Handling multiple versions of the same table

When the same table has been dropped multiple times, the recycle bin holds multiple versions. The behavior differs by operation:

OperationWhich version is affected
FLASHBACK TABLE table_name TO BEFORE DROPMost recently dropped version
PURGE TABLE table_nameOldest version

Example: drop and restore tables

This example creates two tables, drops them, inspects the recycle bin, and then restores them.

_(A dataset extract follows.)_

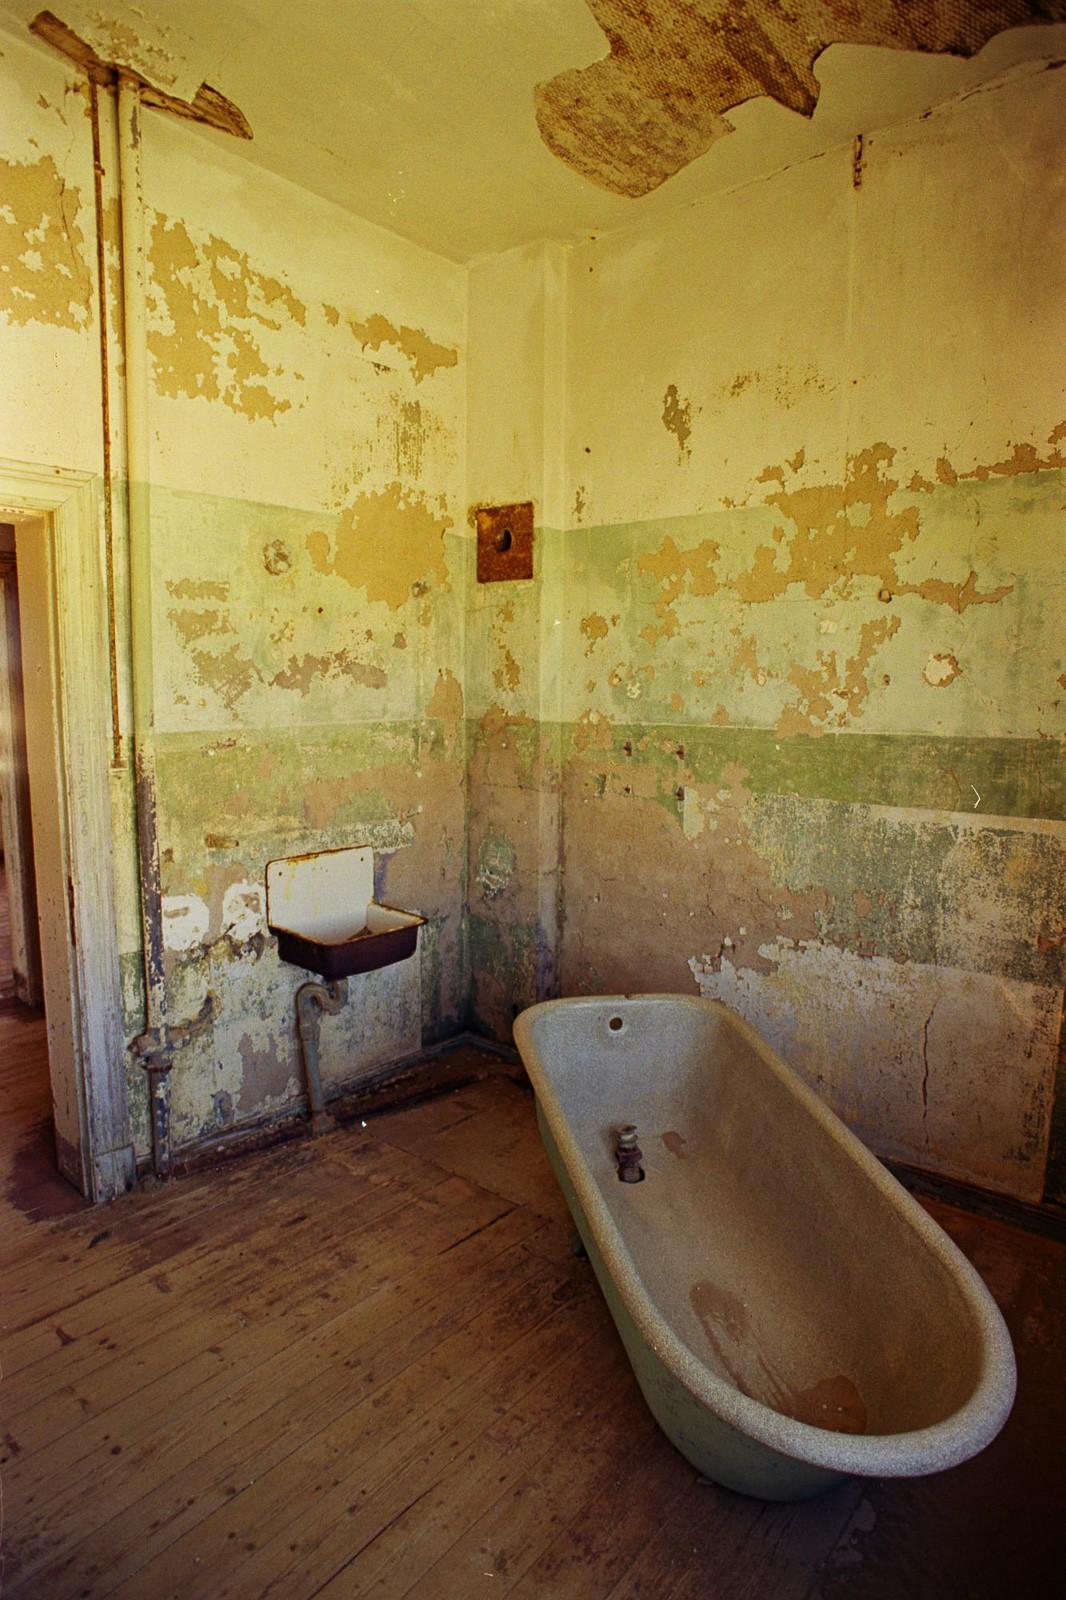 namibia desert ghost town diamond mine kolmanskop old bathtub

1. Create tables and insert data

CREATE TABLE test1 (id int PRIMARY KEY, name text);
CREATE TABLE test2 (id int PRIMARY KEY, name text);

INSERT INTO test1 SELECT t, repeat('test1', 1024) FROM generate_series(1, 10000) AS t;
INSERT INTO test2 SELECT t, repeat('test2', 1024) FROM generate_series(1, 10000) AS t;

\dt

Expected output:

        List of relations
 Schema | Name  | Type  |  Owner
--------+-------+-------+----------
 public | test1 | table | postgres
 public | test2 | table | postgres
(2 rows)

2. Drop the tables and view the recycle bin

DROP TABLE test1;
DROP TABLE test2;

\dt

Expected output:

Did not find any relations.
SHOW RECYCLEBIN;

Expected output:

 table_catalog |         table_name          | table_type
---------------+-----------------------------+------------
 postgres      | public$test1$69461331094004 | BASE TABLE
 postgres      | public$test2$69461332967609 | BASE TABLE
(2 rows)

Both tables are in the recycle bin, identified by their internal names.

3. Restore the tables

-- Restore test1 with its original name
FLASHBACK TABLE test1 TO BEFORE DROP;

-- Restore test2 under a new name
FLASHBACK TABLE test2 TO BEFORE DROP RENAME TO test3;

\dt

Expected output:

        List of relations
 Schema | Name  | Type  |  Owner
--------+-------+-------+----------
 public | test1 | table | postgres
 public | test3 | table | postgres
(2 rows)
Note: test2 was restored as test3.

4. Verify the restored data

SELECT count(*) FROM test1;

Expected output:

 count
-------
 10000
(1 row)
SELECT count(*) FROM test3;

Expected output:

 count
-------
 10000
(1 row)

All 10,000 rows are intact in both tables.

Limitations

  • Partitioned tables and temporary tables: DROP TABLE on partitioned tables and temporary tables bypasses the recycle bin and permanently deletes the table. These tables cannot be restored with FLASHBACK TABLE.

  • `sql_drop` event trigger: The sql_drop event trigger is not supported when drop flashback is enabled.

  • `recyclebin` mode name: Do not create a mode with the name recyclebin. Tables stored in that mode can be cleared by PURGE RECYCLEBIN.

  • Dependencies: Because dropped tables are not immediately deleted, attempts to remove their dependencies may fail while the tables remain in the recycle bin.

Usage notes

  • Enable drop flashback selectively for tables where accidental deletion would be costly to recover from. Leaving it on globally increases disk usage.

  • Tables in the recycle bin continue to occupy disk space. Clear the recycle bin periodically with PURGE RECYCLEBIN (requires polar_super_user) or remove individual entries with PURGE TABLE table_name.